Hack things together


A little scripting never hurt anybody

Sometimes you have to do a specific task and you are fully capable of doing it manually, however those tasks are also great to flex your muscles and hack something together.

They can be an excellent tool to sharpen your skills with the tools you use regularly, and improve your quick prototyping skills.

In addition, with a couple of iterations, again sharpening an important skill, you could afterwards create a more general purpose tool from a hacky script.

An example

I recently wanted to add all the movies I ever watched as markdown files to my second brain for reference in journaling.

This just needs a few simple steps:

  • Create a slug from the title
  • Create a file with this slug
  • Place a H1 with the title in the file

I could have just done this in a couple of minutes by hand, after all it’s a one off task and I will probably never do this in bulk again.

However I decided to hack together a simple script, in my case I chose Python:

#!/usr/bin/env python3

import os
from slugify import slugify

def quoted(some_str):
    return '"' + some_str + '"'

TITLES = [
    "Hello World",
    "Example Title 123"
]

COMMAND = "echo INPUT >> SLUG"

PREPEND = "media/movies/"
APPEND = ".md"

for title in TITLES:
        slug = PREPEND + slugify(title) + APPEND
        print(slug)
        command = COMMAND.replace("SLUG", quoted(slug))
        command = command.replace("INPUT", quoted(title))
        os.system(command)

After writing this I thought that such a bulk utility could come in handy for my second brain more often, so I added in a simple CLI interface, abstracted some of the inputs a bit and added some documentation:

#!/usr/bin/env python3
"""Bulk run OS command with a list of titles and their generated slugs.
INPUT and SLUG in the -run parameter get replaced by the script with the actual value in double-quotes.

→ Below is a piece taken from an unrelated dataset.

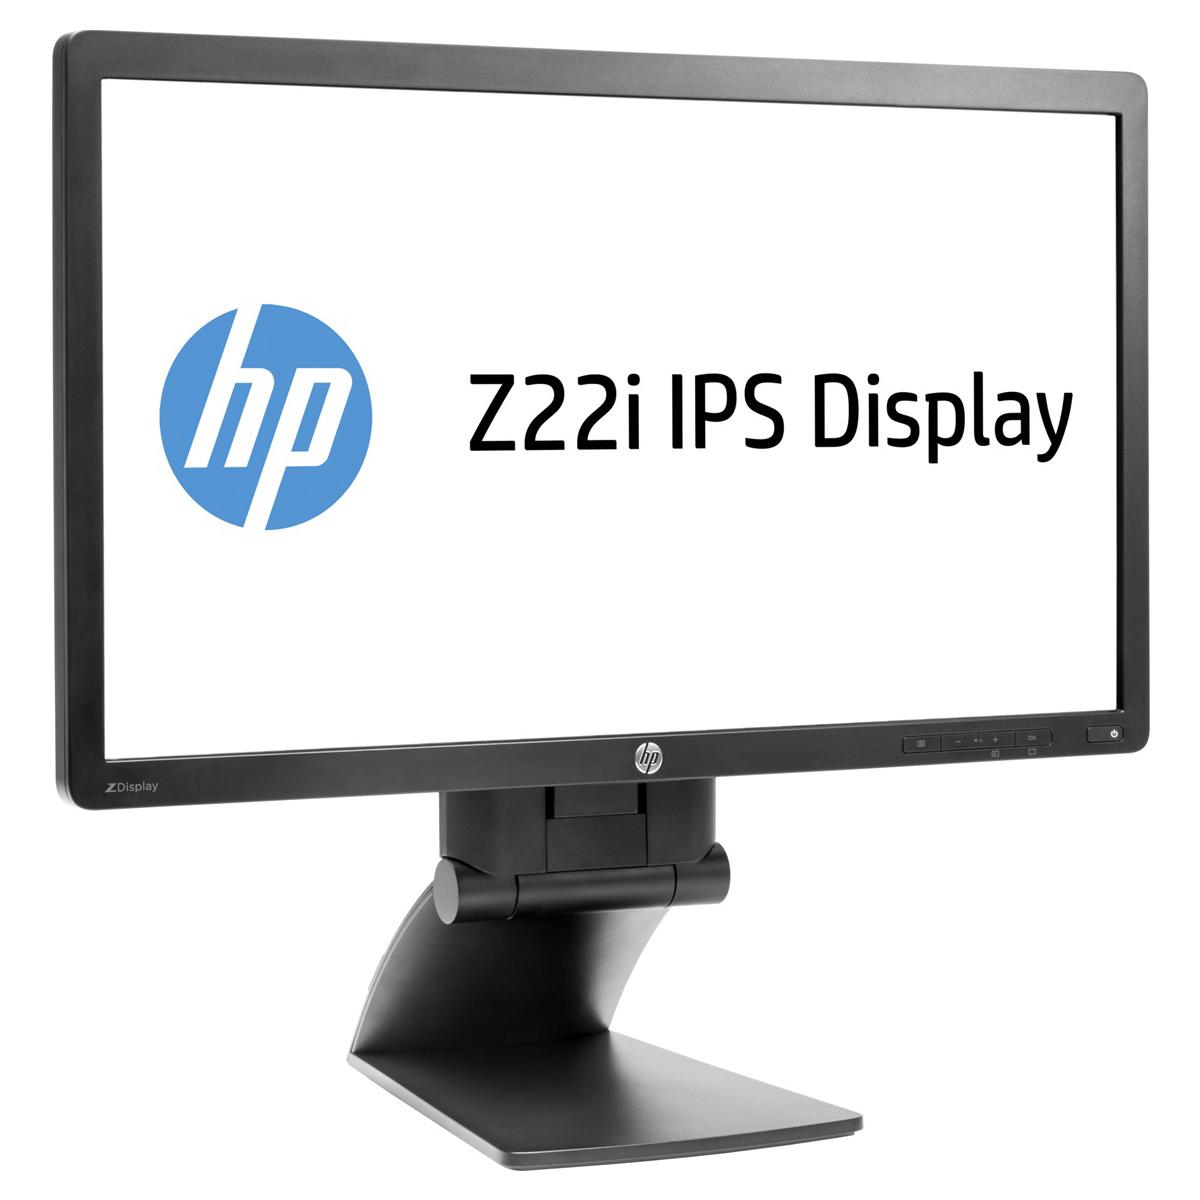 "Ecran PC HP 21.5"" LED - Z22i (D7Q14AT) 1920 x 1080 pixels - 8 ms (gris à gris) - Format large 16/9 - Dalle IPS - DisplayPort - Hub USB - Noir"

Example to bulk create notes from the slug, in a specific folder, containing the given title:
./.scripts/bulk_creator.py -i "Hello World" "What's up?" -pre "media/movies/" -run "echo INPUT >> SLUG"
"""

import argparse
import os


def slugify(text):
    """Pre-configured, german compatible, slugify."""
    from slugify import slugify as _slugify

    replacements = [
        ["Ä", "AE"],
        ["ä", "ae"],
        ["Ö", "OE"],
        ["ö", "oe"],
        ["Ü", "UE"],
        ["ü", "ue"],
        ["ß", "ss"],
    ]
    return _slugify(text, replacements=replacements)


def quoted(some_str):
    return '"' + some_str + '"'


if __name__ == "__main__":
    parser = argparse.ArgumentParser()
    parser.add_argument("-i", "--inputs", nargs="+", required=True)
    parser.add_argument("-pre", "--prepend", help="Prepend to generated slug", type=str, default="")
    parser.add_argument("-app", "--append", help="Append to generated slug", type=str, default=".md")
    parser.add_argument("-run", "--run-command", help="Run command with slug", type=str, default=None)
    args = parser.parse_args()
    for input_str in args.inputs:
        slug = args.prepend + slugify(input_str) + args.append
        print(slug)
        if args.run_command:
            command = args.run_command.replace("SLUG", quoted(slug))
            command = command.replace("INPUT", quoted(input_str))
            os.system(command)

I still do things in this script I would never do in a serious implementation, like:

  • Running commands on the host through os.system
  • Hard-coded defaults, like the .md append parameter
  • Naively escaping with the quoted function

However it will work great for me in the future, and even if it doesn’t I still reinforced some of my Python and prototyping skills and, almost as important, had a fun time doing something I enjoy.